Bogdanos, quando conversiamo online per questa intervista, non ha nessuna voglia di parlare di sé ma ha ben più voglia di parlare di quel che in Europa dovrebbe essere fatto per fermare questo traffico illecito. Figlio di immigrati greci di Limnos, nato e cresciuto a New York, ha studiato legge alla Columbia University, si è arruolato nei marines, è diventato colonnello, ha operato in Afghanistan e Iraq. La sua storia cambia, o accelera, proprio lì, nel 2003, quando a Baghdad ha luogo il grande saccheggio del Museo Nazionale, più di 5 mila pezzi sottratti nei giorni dell’occupazione Usa. In quei mesi scatta qualcosa: «Mi sono reso conto di quanto pervasivo e tragico fosse il traffico internazionale di opere d’arte antica», antiquities, in inglese.

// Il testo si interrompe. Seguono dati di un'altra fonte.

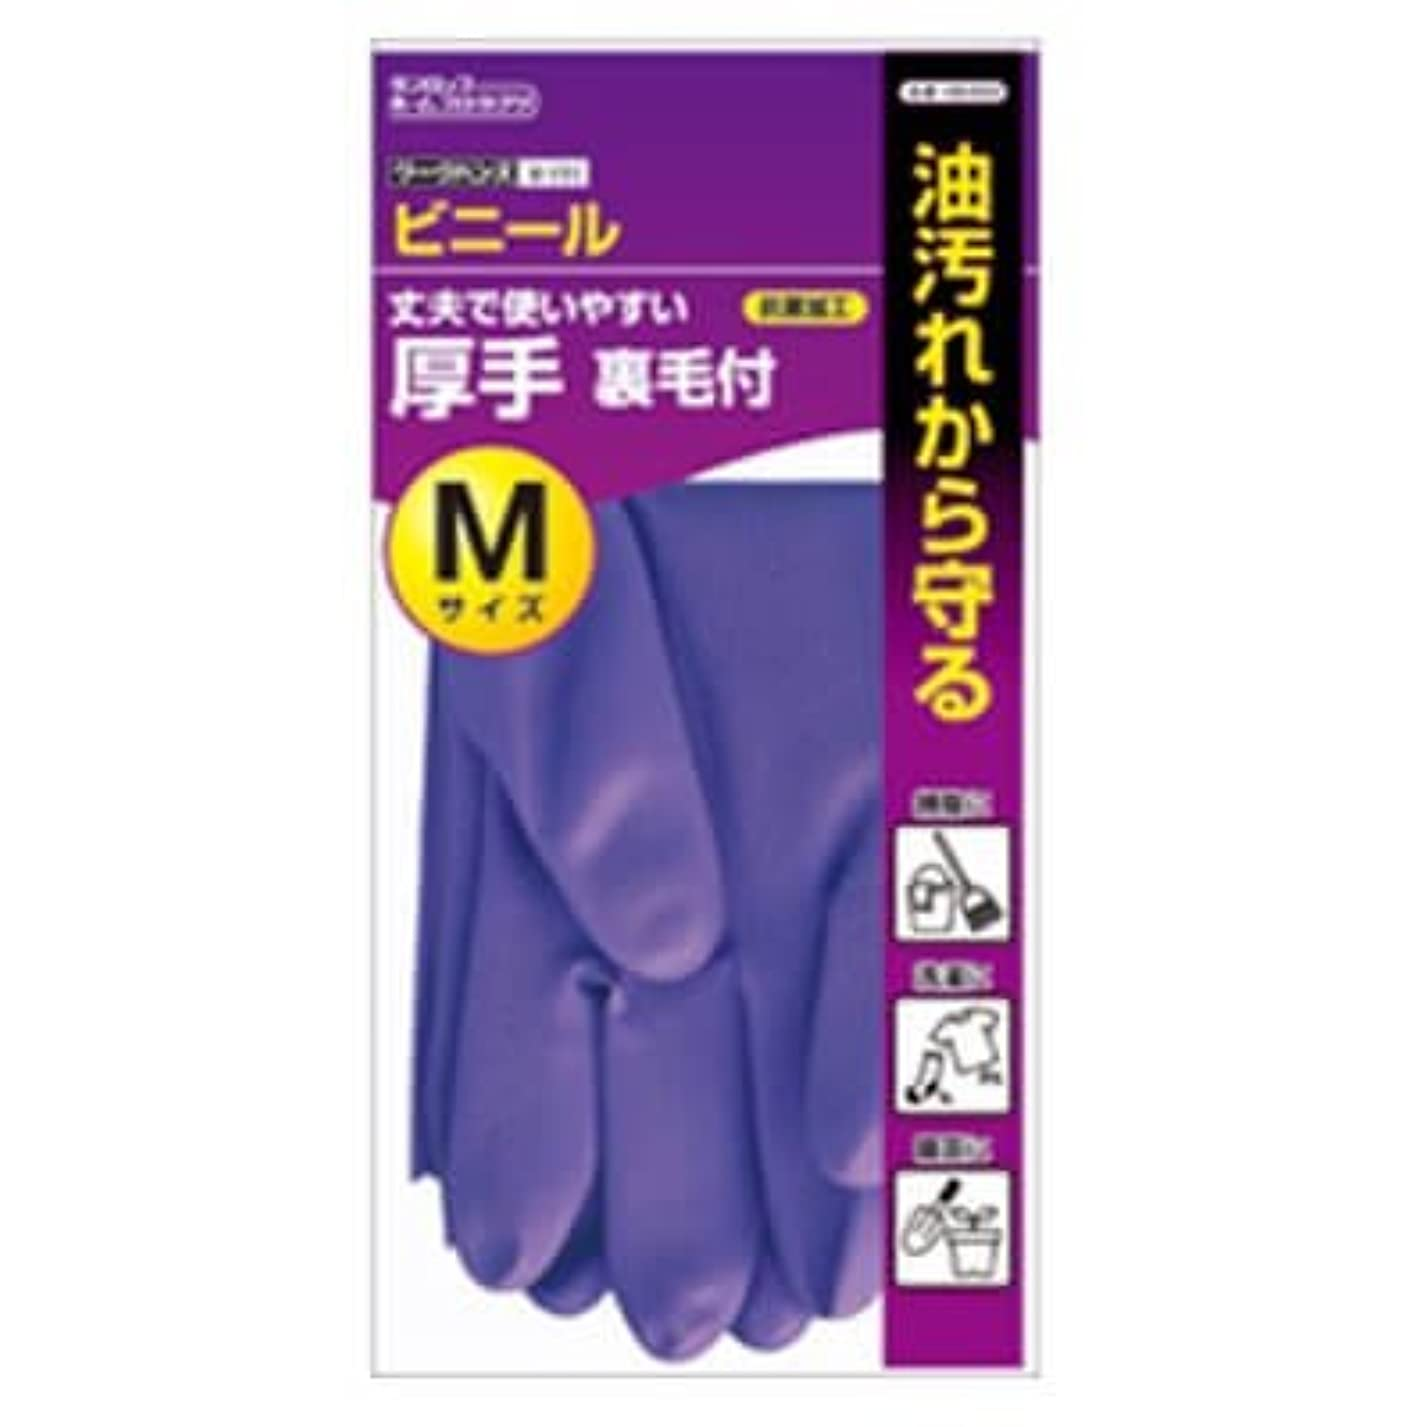 マウスランプ予備【ケース販売】 ダンロップ ワークハンズ V-111 ビニール厚手 M バイオレット (10双×12袋)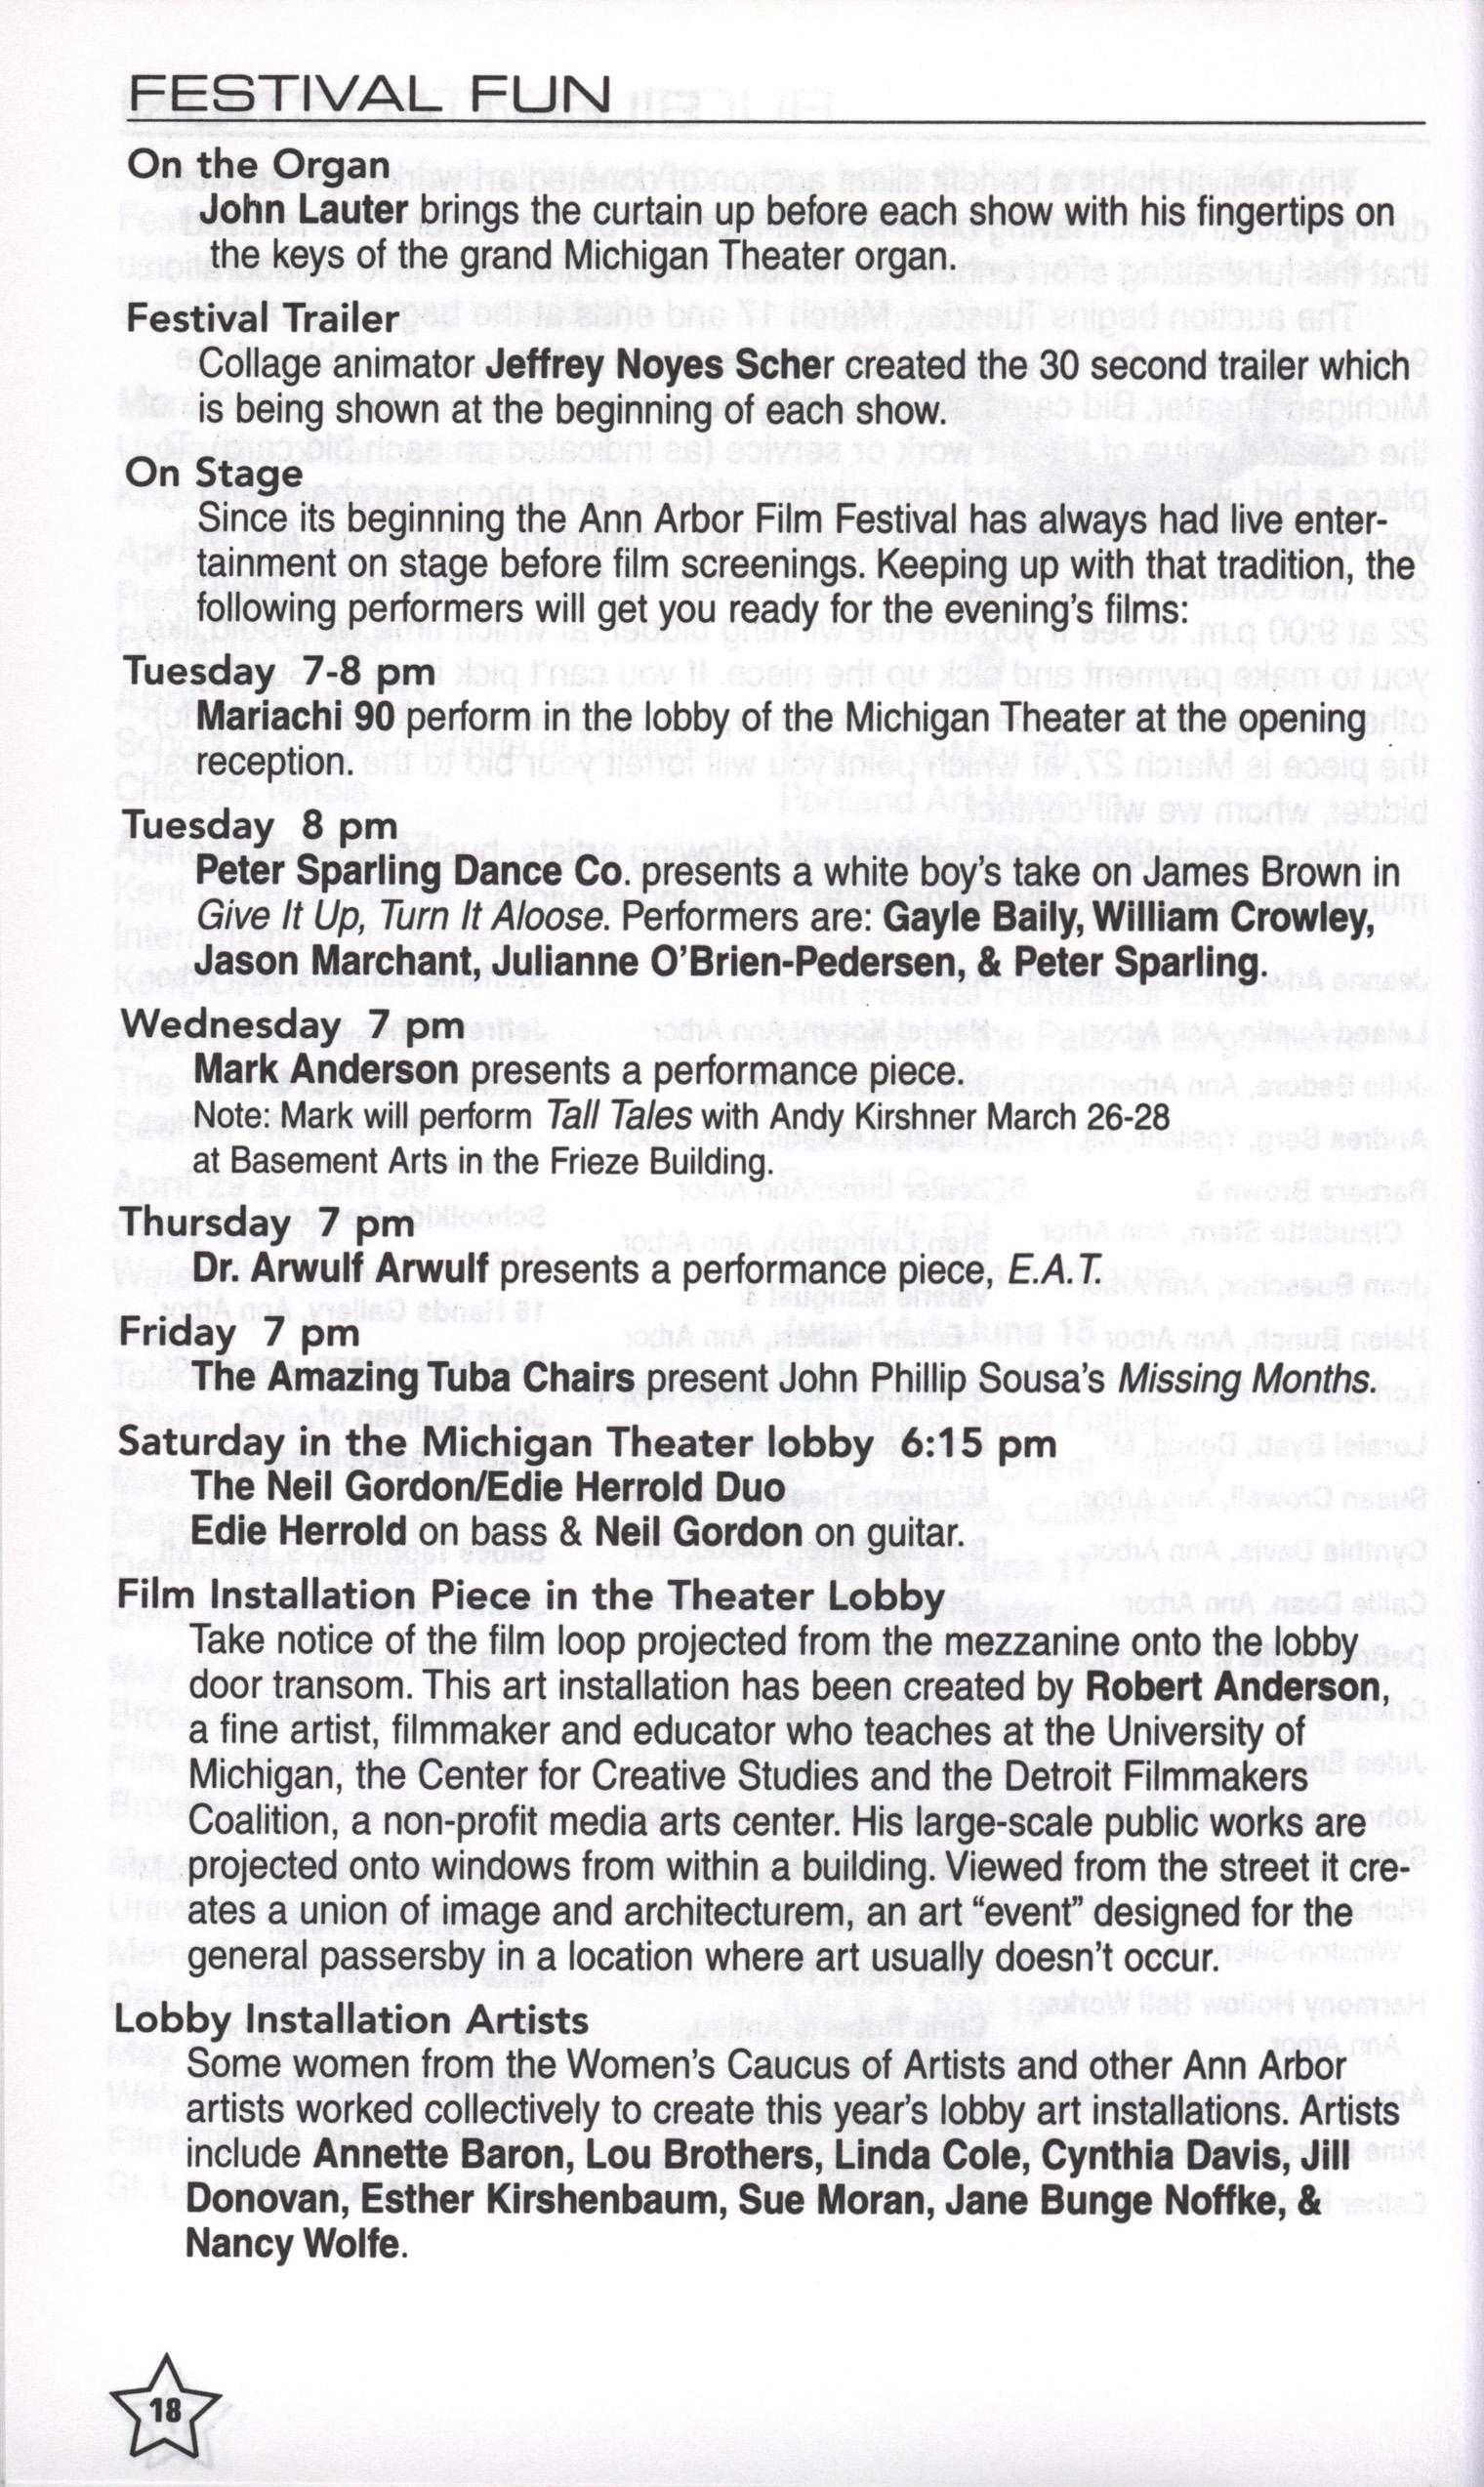 36th Ann Arbor Film Festival Program Image

“Nel resto del mondo i trafficanti sono più veloci degli inquirenti, sommersi di scartoffie. Qui non più. Abbiamo già recuperato opere per 400 milioni di dollari”
DAGLI ANNI AI MINUTI
Il colonnello Bogdanos si offre volontario per seguire il caso e passa cinque anni come capo delle indagini, permettendo il recupero di migliaia di oggetti saccheggiati. Ma, a distanza di vent’anni, vuole dare ben poco peso alle sue vicende personali, anche se in quell’occasione si creano alcune delle relazioni internazionali che saranno fondamentali nelle indagini successive. Il colonnello dal 2017 è a capo dell’Unità per il traffico di antichità della procura distrettuale di New York, l’unica al mondo, rivendica, specializzata nell’ambito, arrivata nel frattempo a contare 20 addetti («Alcune delle persone più talentuose in assoluto nei loro campi, io sono probabilmente il più stupido» chiarisce il colonnello).
Nata su decisione del procuratore distrettuale di Manhattan Cyrus Vance Jr., che ha formalizzato il progetto portato avanti da Bogdanos con i suoi collaboratori. «Ora, quello che altrove richiede anni, noi lo facciamo in minuti»: tutti gli uomini che sono necessari a un’indagine, dagli investigatori, ai tecnici, al procuratore che deve autorizzare gli interventi, sono nello stesso ufficio. Ha funzionato, trasformando la procura di New York nella più temuta dai trafficanti d’arte internazionali – la Grande Mela è stata per decenni il punto focale di questo traffico – e la più apprezzata dai corpi di mezzo mondo (Italia, Turchia, Egitto, India, Grecia…) che chiedevano da tempo agli Usa un aiuto in più nel fermare il travaso illegale di opere d’arte.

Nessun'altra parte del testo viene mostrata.